The soundtrack for this west coast adventure was three tapes that my brother had brought along. No one had a Walkman yet so there didn’t seem much call to have a shoebox full of tapes with you at all times. One tape was the Ramones, one David Bowie, and one must have been a mix that had this song on it. I don’t remember all the other songs but when I hear this song, I see the four of us carrying the tent on the beach. I see the one night we did camp, in Yosemite, in a clearing not a campsite (missed the open spots again!), because my dad was fed up with having paid for camping gear we were never using. I see the 22 mosquito bites I got on my forehead alone during the ten minutes we sat around the campfire eating our dinner. I see the four of us banging our heads in unison to the Ramones while stuck in LA traffic – and in doing so, paying our father back the embarrassment he inflicted upon us with the tent incident.

There are a few more paragraphs I could write just about that trip, and that’s not even one of the bad ones. It was just long and boring with some amusing (now) stories to liven it up here and there. Hell, that trip didn’t even involve any car trouble, pets, or Shriners! Yup, I’ve got this family car trip smack down covered.

Cellphone’s Dead

Beck – Cellphone’s Dead

My phone isn’t actually dead, yet, but it’s not long for this world. It’s amazing how accustomed I have become to having the internet in my pocket and how I am no longer put off by the size of a smartphone. I actually want a bigger one. Let me clarify, thinner, but with a bigger screen. I’m having a really hard time deciding though and the more I look at online reviews, the less certain I am. 

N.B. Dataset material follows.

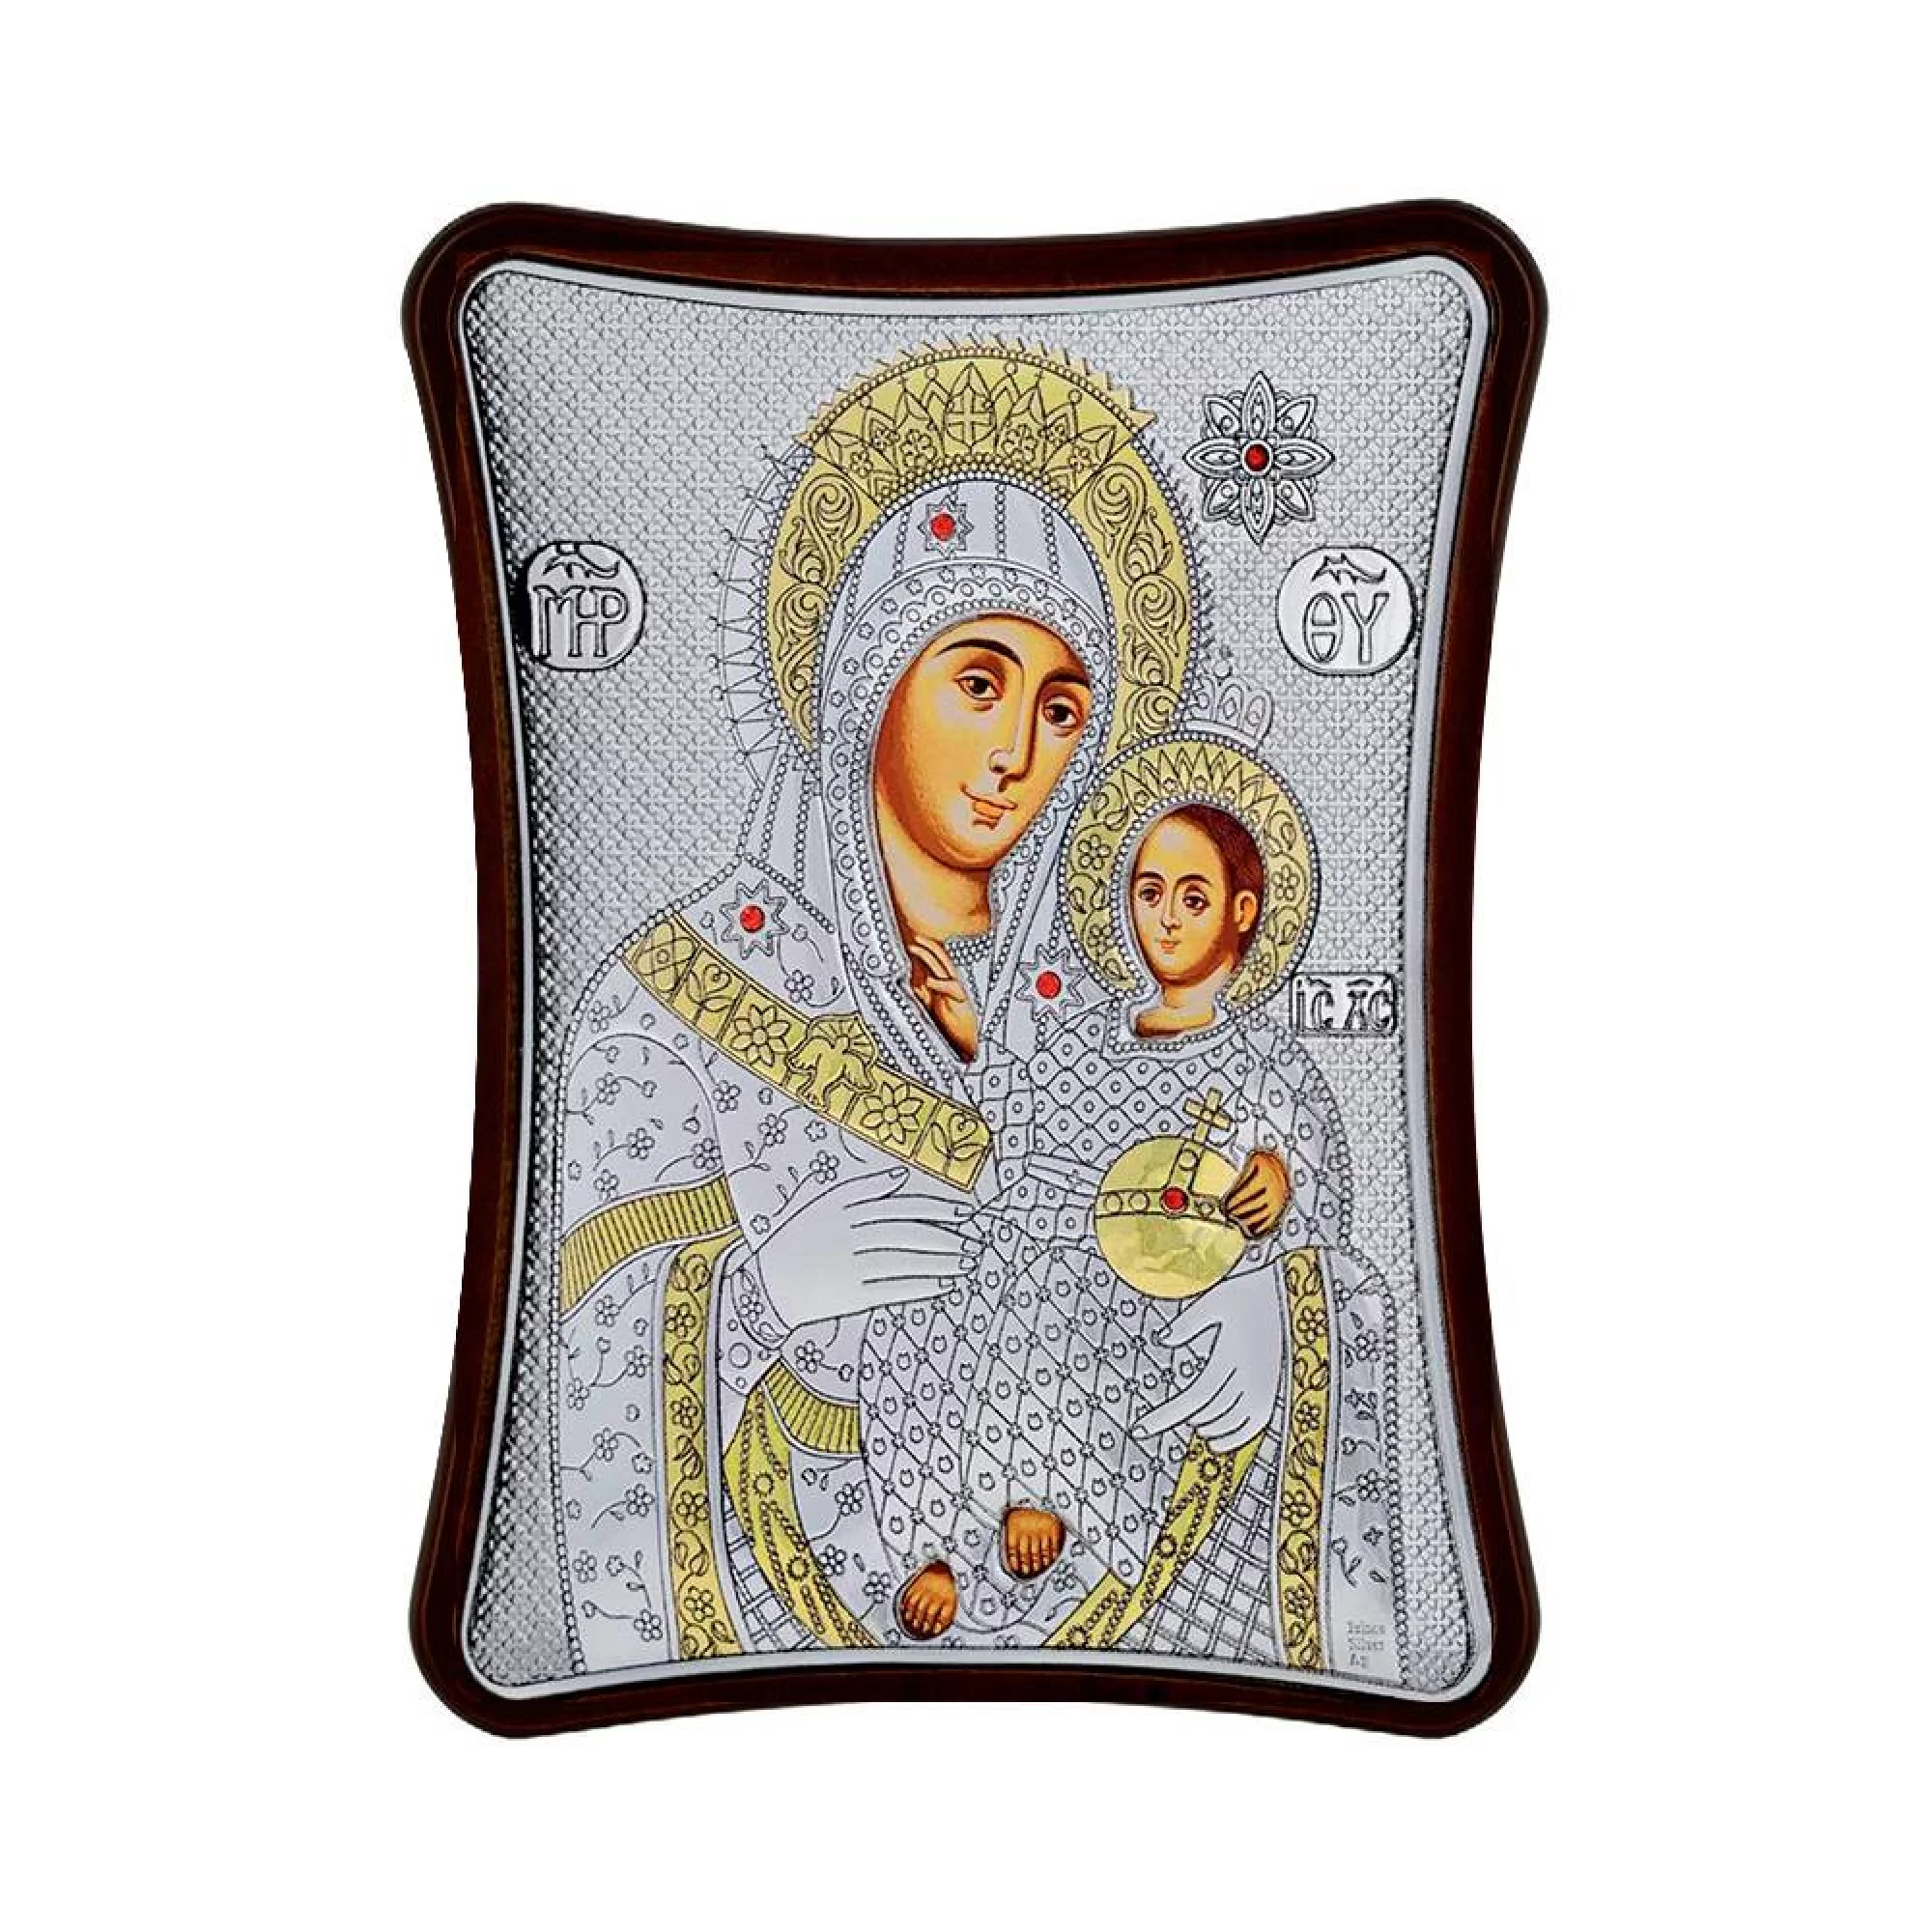 Срібна ікона Богородиця "Віфлеємська" 150х120 мм - 1593193 – зображення 1

I still have a landline in the house. A real, mounted to the wall, no caller-id, has a curly cord, phone. I almost never use it but let me just say, the last two hurricanes that hit did a number on the power lines, damaged the cell towers, but that landline was still working both times. In advance of hurricane Sandy, I fruitlessly searched the area for a replacement battery for my cell phone but it seemed like everyone else, who had been without power for a week after Irene, had had the same idea.

For a long time I didn’t have a cell phone. I didn’t need one and I didn’t really want one. Even after my first child was born, it wasn’t until one day when my husband and I were both going to be out of our offices that it even occurred to me that we would be unreachable if daycare needed us in the case of an emergency. Now I hardly go anywhere without it.

Dancing Barefoot

Patti Smith – Dancing Barefoot

I think I knew who Patti Smith was before going to college but only in the most cursory way, probably based on recognizing album covers and knowing maybe two songs. In short order though, I learned what a big influence she had been on so many bands I loved and even if I still didn’t know much of her music or much about her, I figured they knew what they were talking about.

I became addicted to this song* during college. Addicted, or some might say obsessed, pretty accurately describes a good 3/4 of my college years. Everything about this song just nails that mix of excitement, anger, longing, mystery, all the emotions the 20-year-old me would keep bottled up until I was alone in my dorm room or out on my bike. Then I’d blast the tunes and “spin so ceaselessly ‘til I lose my sense of gravity…”

About a year ago I went to an exhibit of Patti Smith’s photography. I’d read her book, Just Kids, and loved it and couldn’t wait to see her work for myself. The museum had an evening event where they had a dj playing music, food, drinks, and anyone wearing a concert t-shirt got in for free. I hauled my old shirts out of storage and proudly picked one to wear.  The shirt says EVERYTHING on the front and IS COOL on the back. I stood there looking at Patti Smith’s photograph of Keats’ grave, wearing my Pylon t-shirt, while the dj played Bigmouth Strikes Again and Radio Free Europe. Everything is cool.

* Actually, the one on constant repeat was The Feelies cover of this song – I think it was a flexi-disc that came with The Bob or something, I didn’t have the Patti Smith album yet – with a slightly faster tempo. A slower, totally haunting version by the Swedish sisters who are First Aid Kit, sung last year when Patti Smith won the Polar Music Prize, just proves how universal and timeless this song is.